A la découverte des sept Terres

sept terres

La vie serait plus sereine pour les êtres humains et pour les djinns s’ils étaient conscients de la raison pour laquelle Dieu (swt) les a créés et les a fait descendre sur terre. A ce titre, ils consacreraient certainement toute leur existence à pratiquer des actes de dévotion. ( wa ma khalakhtou djinni wal insi ila li yahboudouni). Celui qui prie de manière assidue sur prophète, est mieux à même que quiconque, de percer les mystères qui entourent le monde.

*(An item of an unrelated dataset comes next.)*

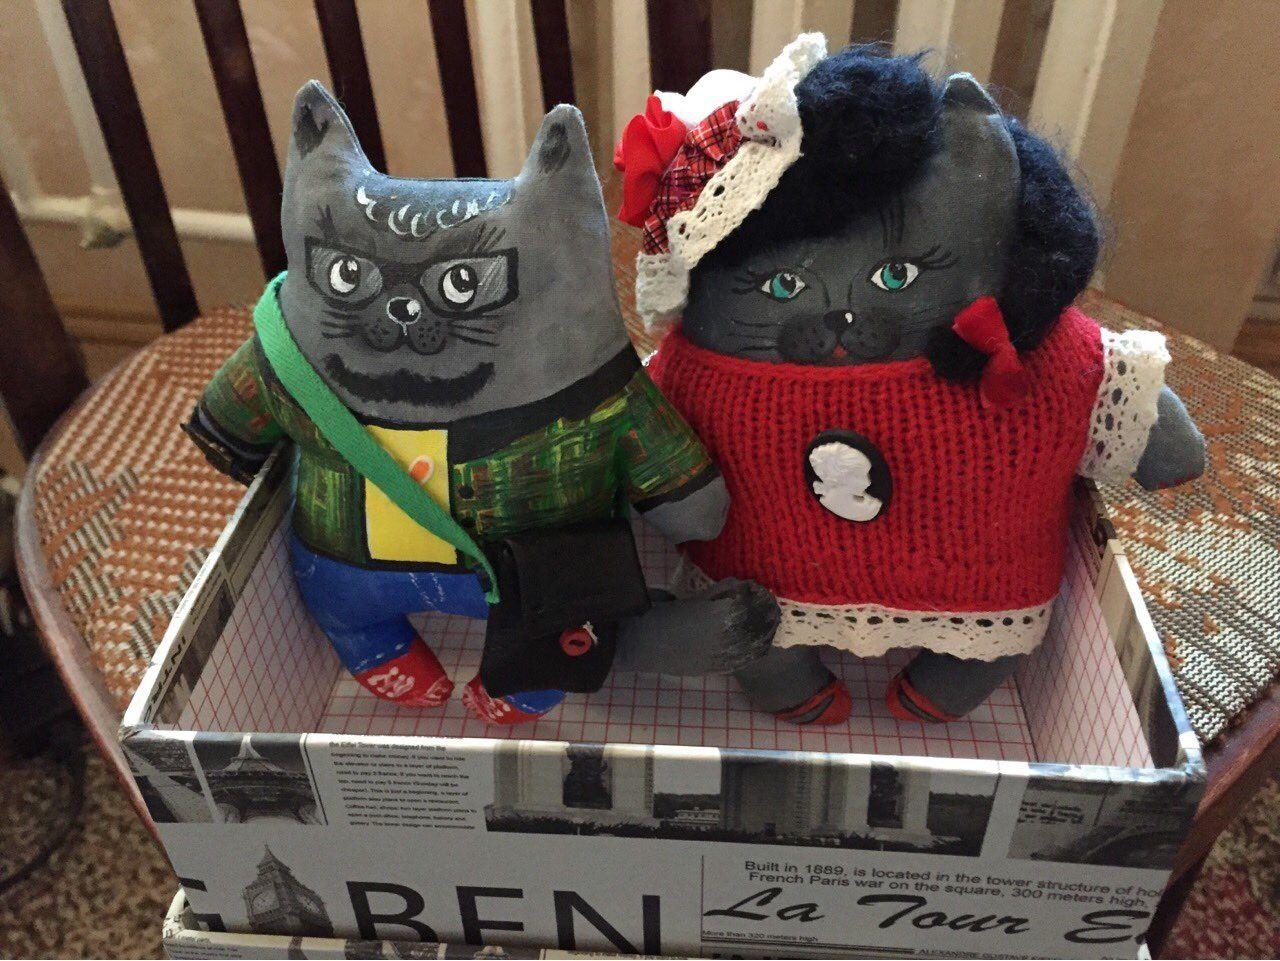 аромотерапия аромоигрушка кофейныекотики кукла подарок

La Salatoul Fatiha et les mystères des 7 terres

Dieu a créé les cieux et la terre en 6 jours (sourate 10 verset 3). Les 6 jours renvoient à la notion de « koun fakoun » (soit et cela est !).

Pourquoi une telle affirmation ? Un jour chez Dieu dans la réalité du néant ou la haqiqatoul bast, représente 1000 ans dans le monde chahada ou visible. « Cependant, un jour auprès de ton seigneur équivaut à mille ans de ce que vous comptez » (sourate 22 verset 47 ). La question qui se pose est de savoir sur quel monde Dieu (swt) s’est-IL fondé pour déterminer ces six jours consacrés à la création. Bien entendu, il s’agit des jours du monde Chahada ou visible car si l’on fait le calcul un jour constitue moins d’une tierce dans le monde haqiqatoul bast. Dieu (swt) a donc créé les cieux et la terre en moins de 6 tierces. Cela revient à dire que Dieu a utilisé son VERBE « KOUN FA YAKOUN » pour la création de l’univers et tout ce qu’elle contient.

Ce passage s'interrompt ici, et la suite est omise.